Но не все в этой жизни параллельно и перпендикулярно, как мне казалось до сей поры.
Я увидел не меньше трех тысяч офицеров, жаждущих покинуть свои убогие гарнизоны. Так как я немного припозднился, то меня поселили в казарме с тыловиками. Два десятка «пройдох», в основном старшие офицеры, тут же скинулись по пятьсот рублей и переправили их в карман своему полковнику – «подпредседателю» комиссии от академии тыла и транспорта. Я никак не мог понять, для чего это, ведь он не мог принять никого сверх установленного лимита.
– Э, ты уже майор, а ничего не понимаешь! – стали они мне объяснять. – Мы здесь не пройдем по конкурсу, а в академии наши личные дела будут лежать с пятерками и четверками, и наверняка наши баллы будут лучше, чем у других!
Никто из тыловиков на эту мзду не роптал, они даже определились, кто пройдет по конкурсу здесь, а кто будет участвовать в конкурсе личных дел.
У нас, у летчиков, никто даже и не намекал на такой вариант. Было нас семь человек – пять поступали на очное отделение и два на заочное. Среди будущих заочников были два майора – один комэска из полка «разведчиков», который базировался в Вазиани, и командир отряда транспортной авиации «придворного» полка в Тбилиси.
Комэска был участник афганской войны, имел боевой орден и стопроцентные шансы на поступление. В Афганистане он два года командовал отдельной эскадрильей Миг-21, один раз при штурмовке в горах позиций душманов едва не был сбит. От разорвавшегося вблизи снаряда остановился двигатель. Зная зверства бандитов по отношению к пленным летчикам, решил не прыгать.
– За два дня до этого нам показали фотографии казненных пленных. Содранная с еще живых людей кожа, отрезанные головы, по мнению командиров и политработников, должны были усиливать в нас ненависть и нежелание ни при каких обстоятельствах попадать в плен.

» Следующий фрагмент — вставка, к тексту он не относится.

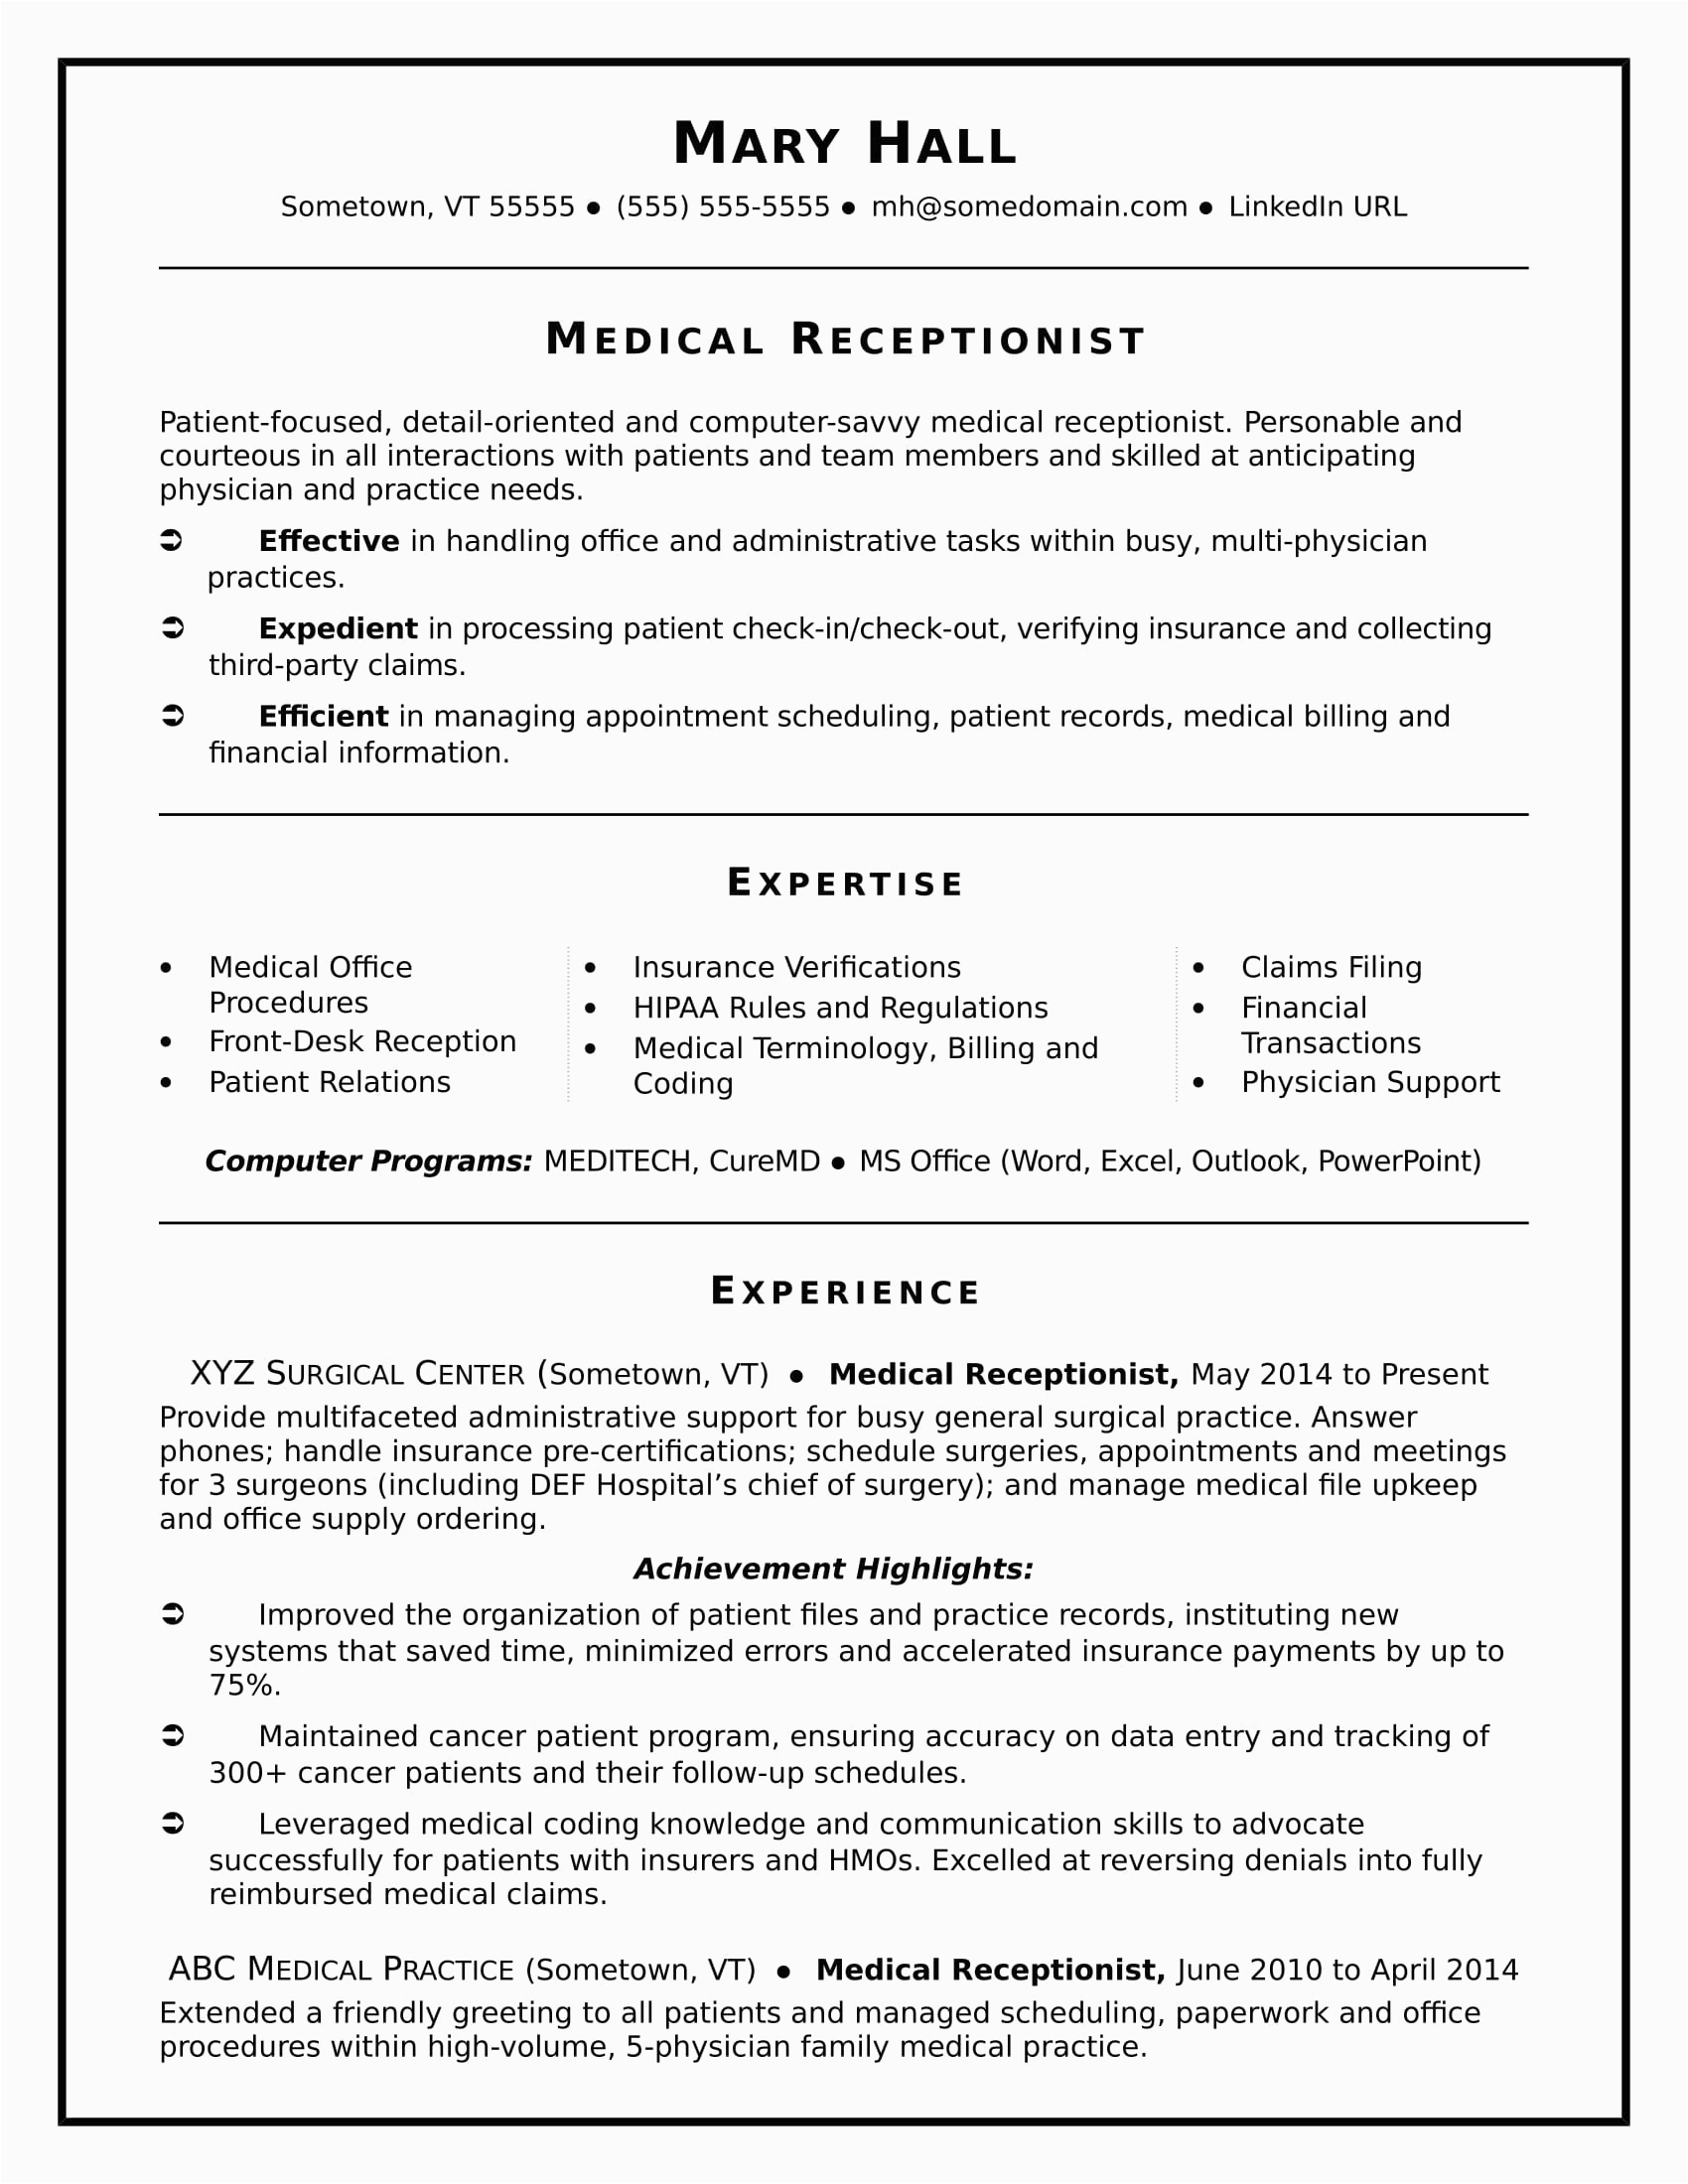 Sample Of Resume for Medical Receptionist Medical Receptionist Resume Sample
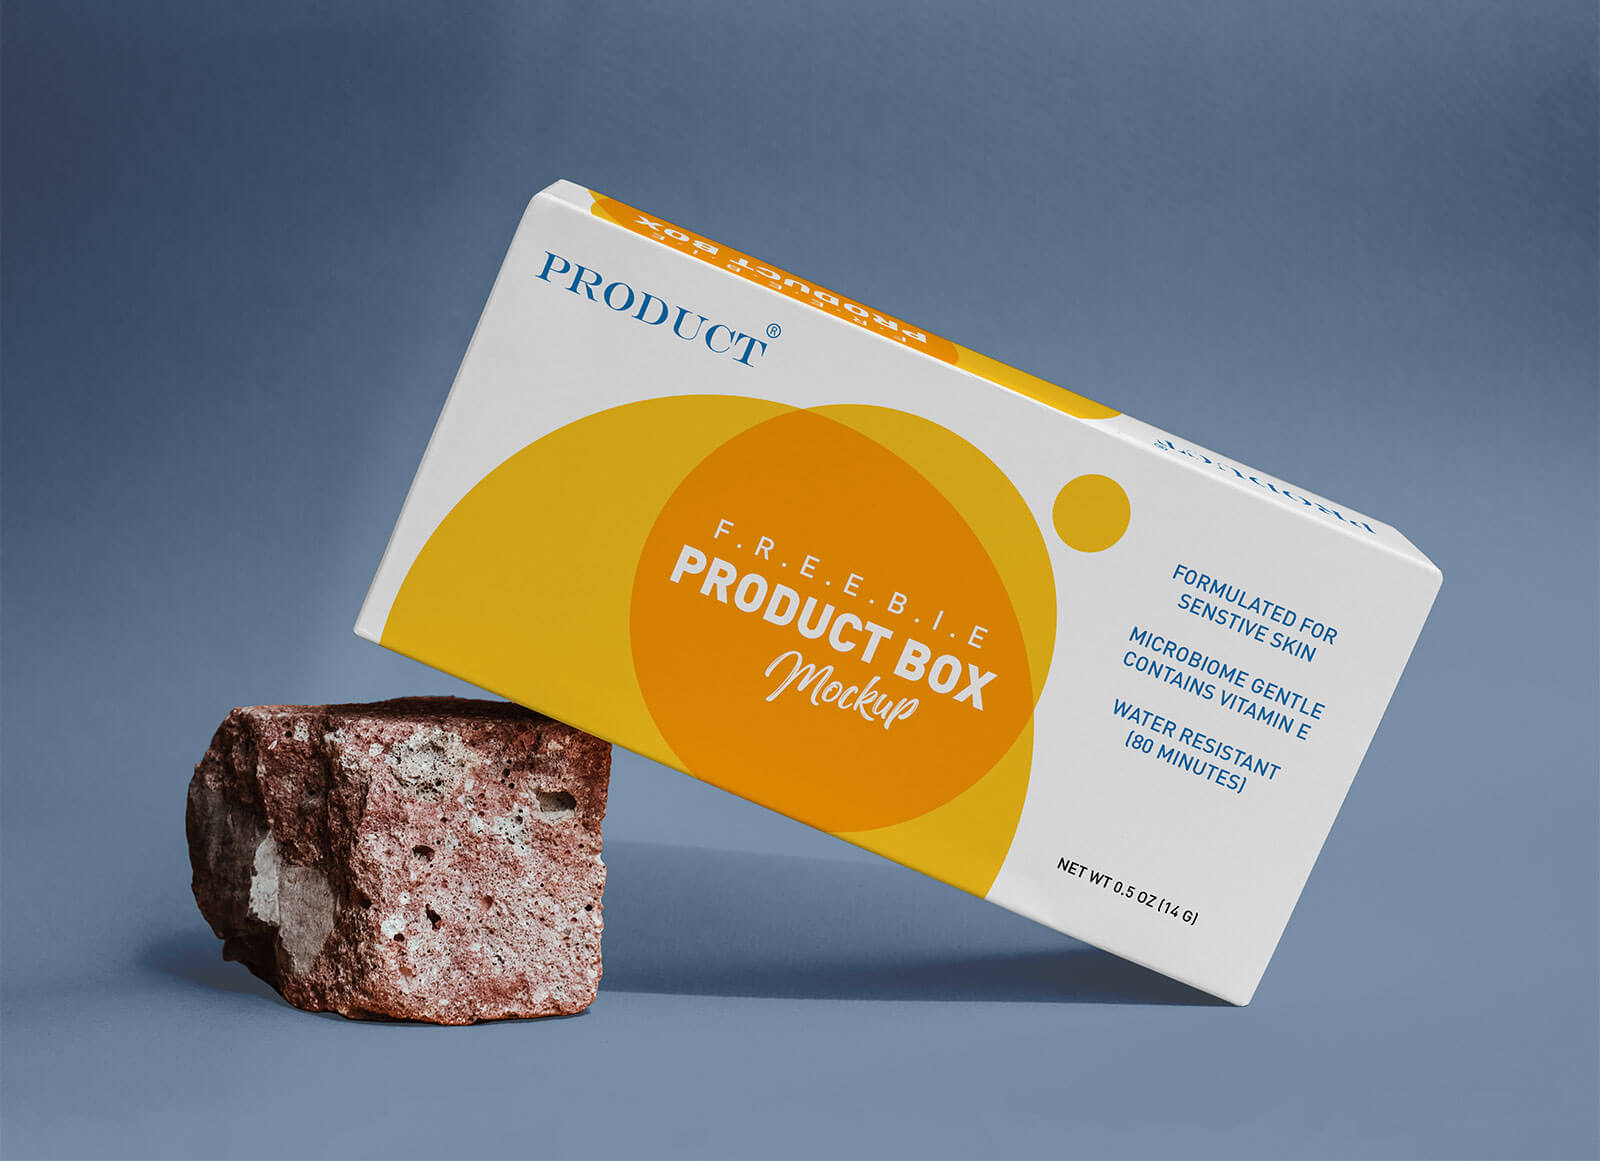 Free-Product-Box-on-Rock-Mockup-PSD

И это сработало! Лучше я столкнусь с горой, погибну быстро и без мучений, чем пройду весь этот ад! – рассказывал нам бесстрашный комэска.
Самолет стал плавно терять скорость и высоту. Летчик нажал кнопку запуска двигателя и вошел в облака. Приблизительно представляя свое местоположение, с левым креном пятнадцать градусов и потерей высоты разворачивался он вокруг горы. Самолет потерял скорость до трехсот километров. Если двигатель не запустится – столкновение с горой неминуемо. И вот обороты плавно начали увеличиваться. Двигатель словно нехотя раскручивал свою турбину, давая шанс пилоту на спасение.
– Никогда еще так медленно не ползла стрелка тахометра! – как будто заново переживая пережитое, вспоминал он те мгновения.
Но и когда обороты выросли, вероятность оставить голову в ледниках афганских гор была выше, чем остаться в живых. Скорость была запредельно маленькой, самолет, подчиняясь законам аэродинамики, висел на громадных углах атаки не в силах преодолеть лобовое сопротивление, чтобы разогнаться и выскочить на спасительную высоту. Летчик установил максимальный режим и, превозмогая самого себя, перевел самолет на снижение. Скорость мало-помалу начала увеличиваться. На приборной скорости пятьсот километров он включил форсаж и перешел в набор высоты. Выскочив за облака на высоте пять километров, увидел рядом с собой, метрах в двухстах, пик горы, вокруг которой он успел развернуться почти на сто восемьдесят градусов. Лично налетав в Афганистане более семисот часов, не потеряв ни одного самолета и ни одного летчика, он рассчитывал на звание Героя, но кадровики стали намекать на мзду, и он послал их далеко и по-русски. Вот таким был один из претендентов на заочное «слушательское» место в академии.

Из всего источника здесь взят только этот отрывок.